The case became part of pop culture when kids skipped rope to the rhyme “Lizzie Borden took an axe and gave her mother 40 whacks.” Agnes de Mille danced to it in her 1954 ballet Fall River Legend. Elizabeth Montgomery from Bewitched played the part in the 1975 TV movie The Legend of Lizzie Borden. Christina Ricci did two hatchet jobs: the Lifetime movie Lizzie Borden Took an Ax and 2015’s miniseries The Lizzie Borden Chronicles.

“Every generation has … that one terrible case that we don’t have any answers to,” New York City Office of the Chief Medical Examiner’s criminalist Andrew Schweighardt said in a statement.

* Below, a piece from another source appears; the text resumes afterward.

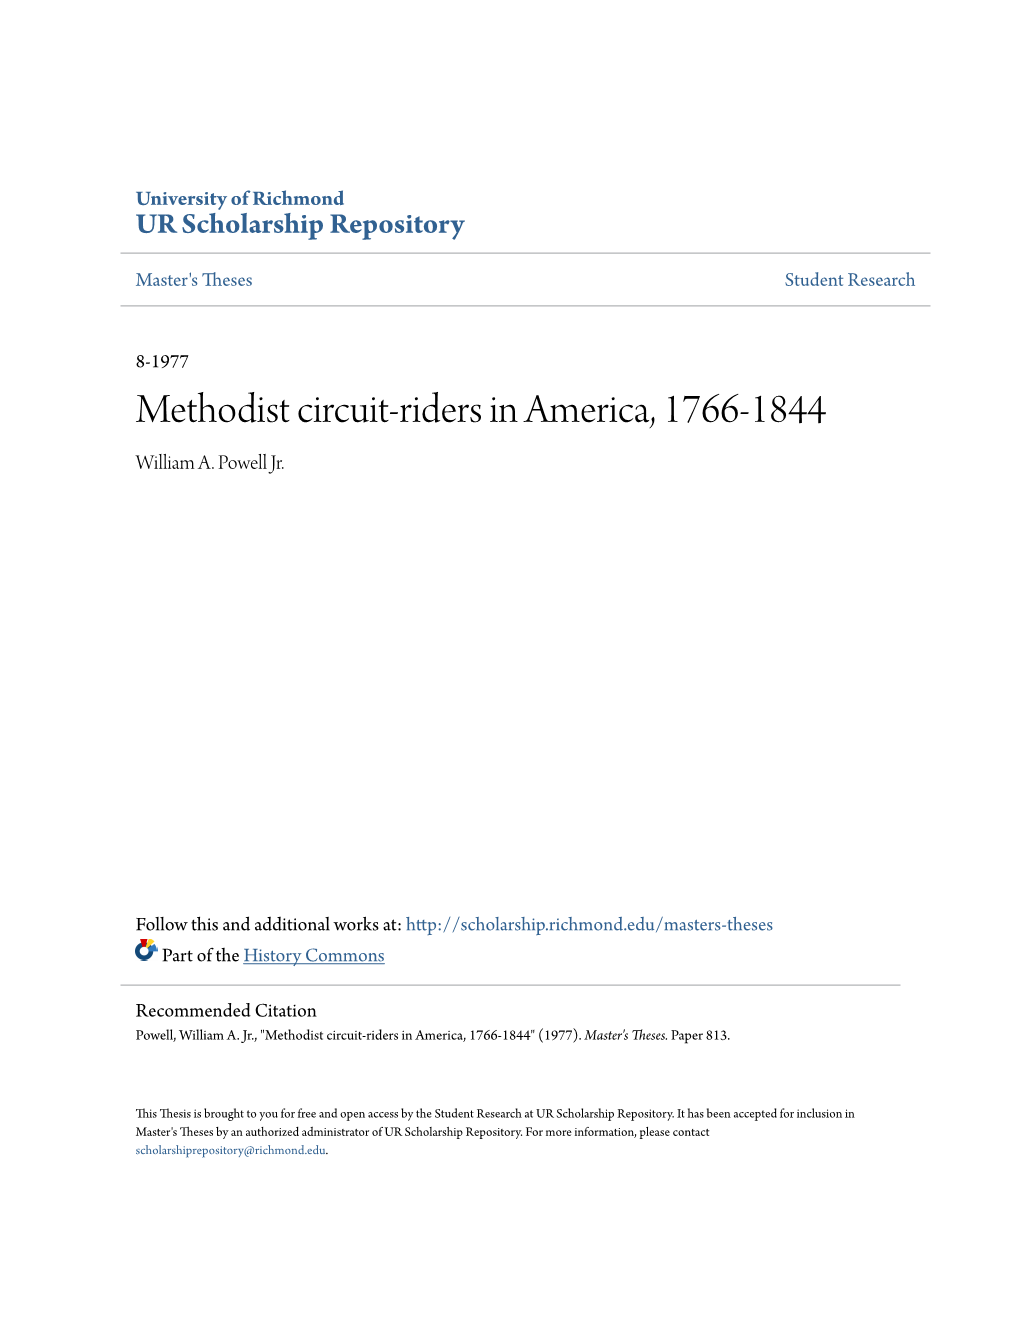 Methodist Circuit-Riders in America, 1766-1844 William A

48 Hours will show us what the jury of 12 men saw when the case was presented in court and asks whether they couldn’t believe a woman was capable of murder. Moriarty and 48 Hours will present the case to a jury today to see if they can “separate fact from fable.” Male and female jurors will reexamine the case by hearing the evidence originally presented to 12 men in 1893. Moriarty will also be on the scene while the jury deliberates, in a rare inside look at how people talk their way through the evidence to decide the fate of another human.

The press statement ponders what the jury will find. What if everything we were told was wrong and everything the kids said was true. I want to know what would Lizzie’s parents think.